REQUIREMENT:
Two lines below mark the span: the one containing "Vintage Tony Alamo" and the one containing "Arunachaleswarar Temple | Incredible India". Set down both, plus every line between, exactly as they stand, and nothing else.

SUPPLIED MATERIAL:
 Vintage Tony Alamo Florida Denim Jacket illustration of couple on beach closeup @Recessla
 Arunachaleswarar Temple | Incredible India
* * *
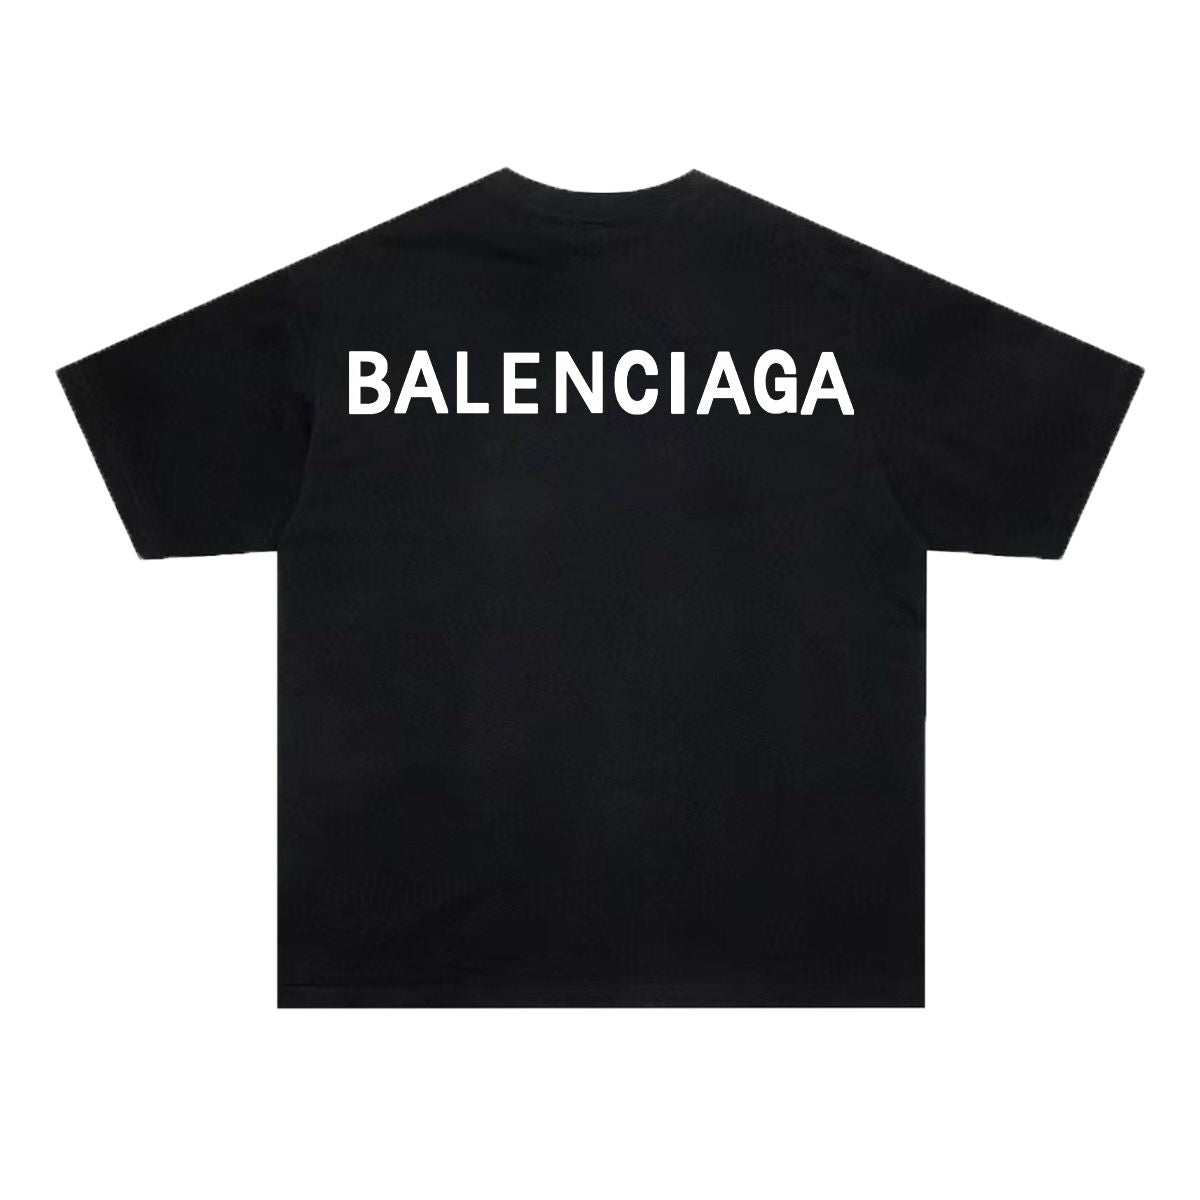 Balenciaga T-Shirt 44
* * *
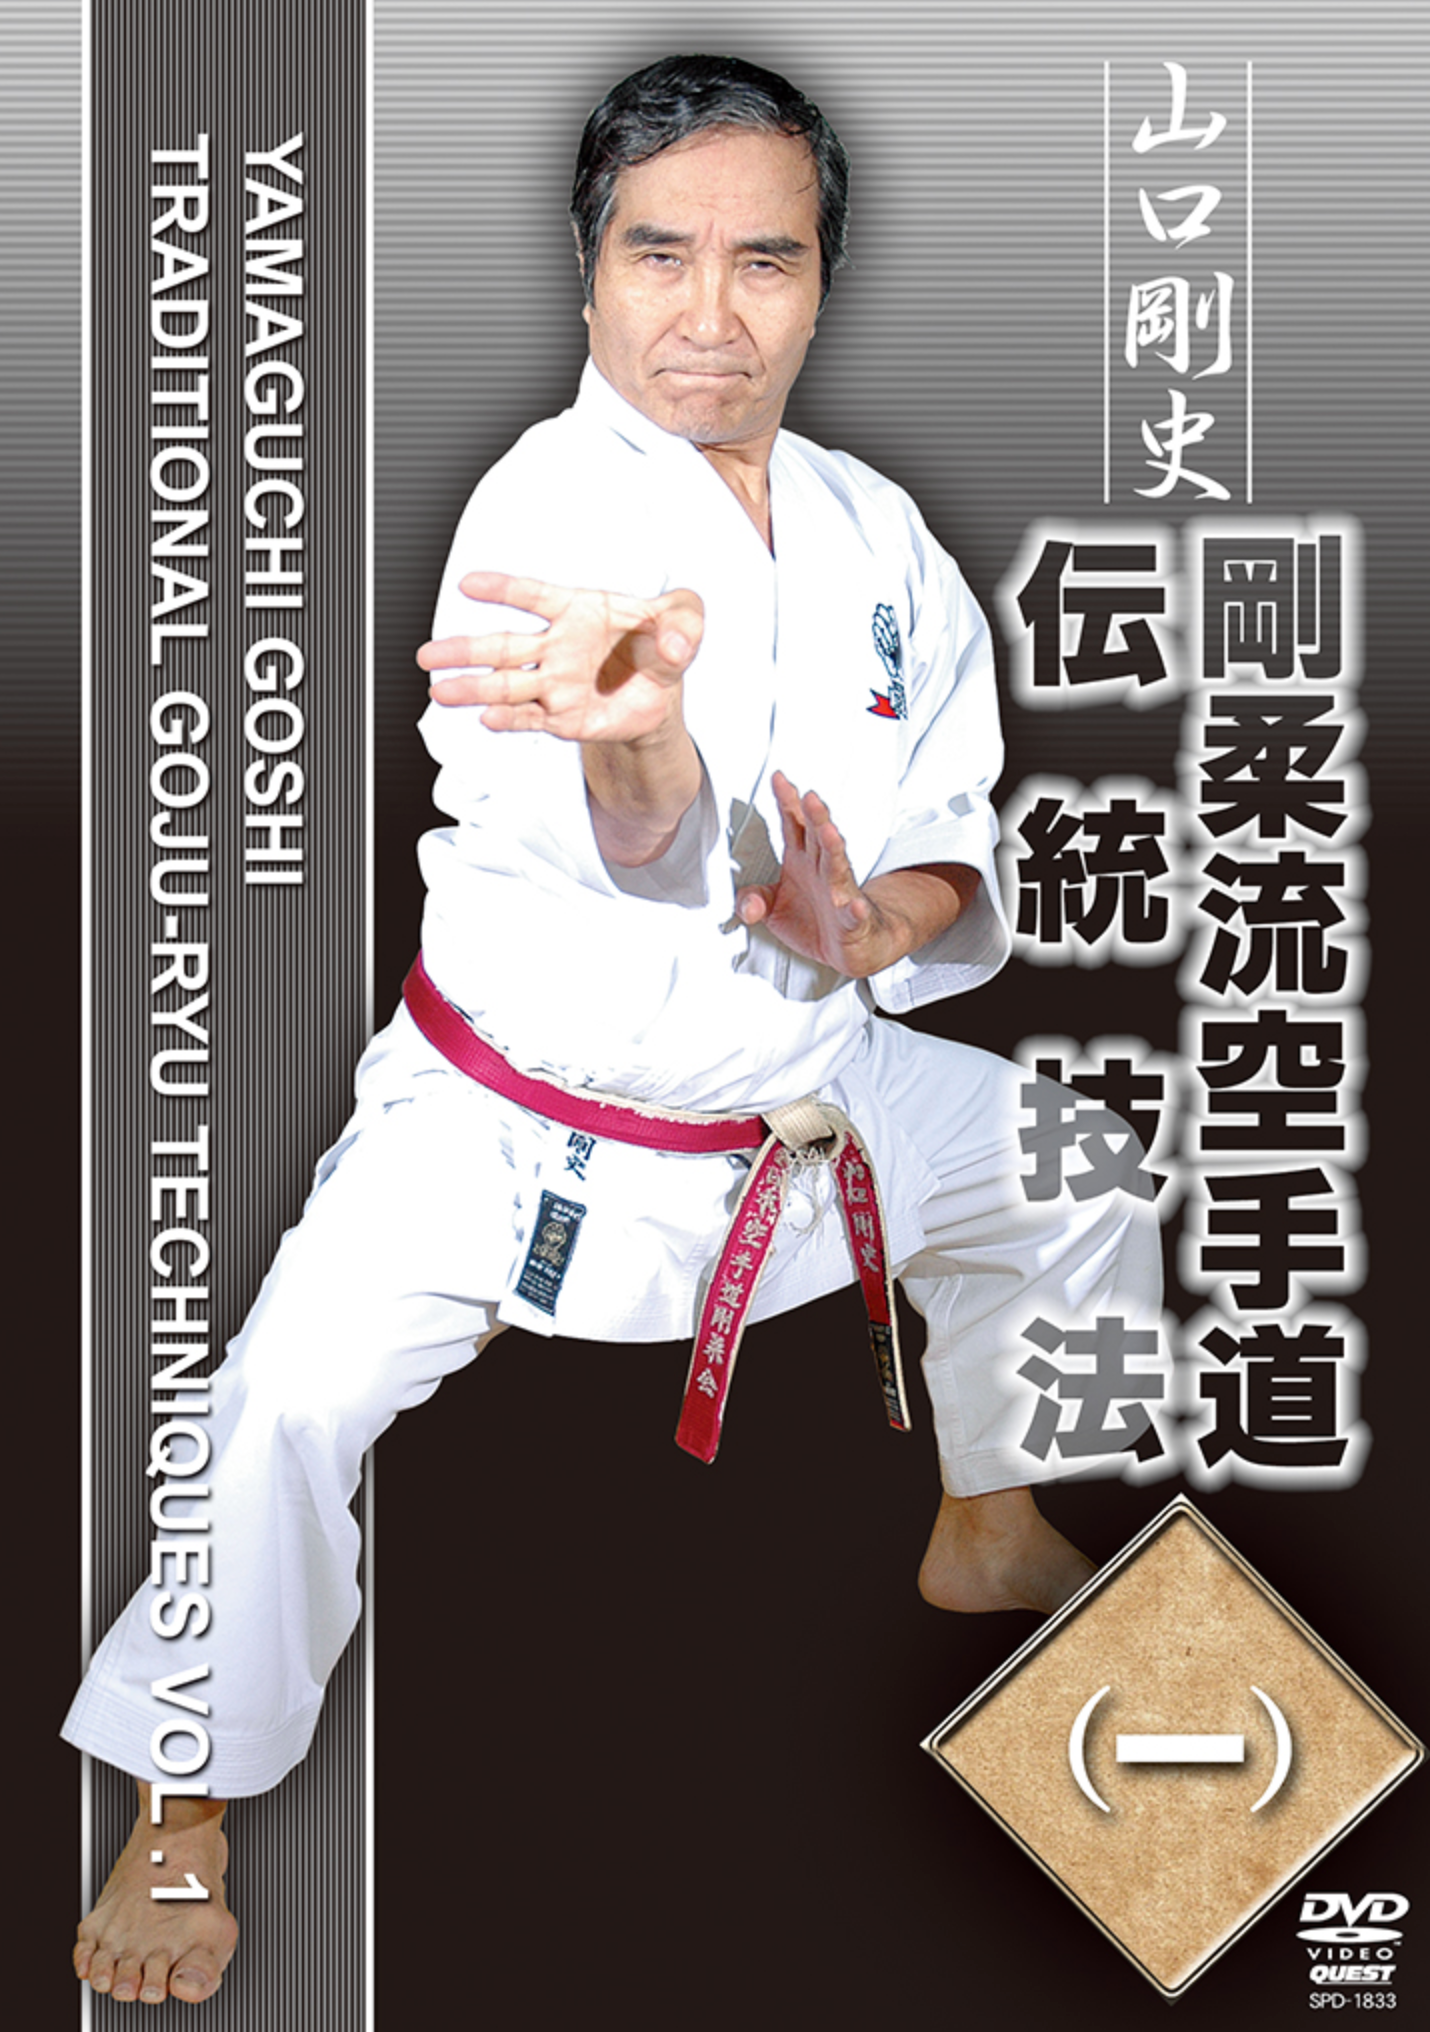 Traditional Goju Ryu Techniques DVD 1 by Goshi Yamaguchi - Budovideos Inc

PROBLEM SOLUTION:
 Vintage Tony Alamo Florida Denim Jacket illustration of couple on beach closeup @Recessla
 Arunachaleswarar Temple | Incredible India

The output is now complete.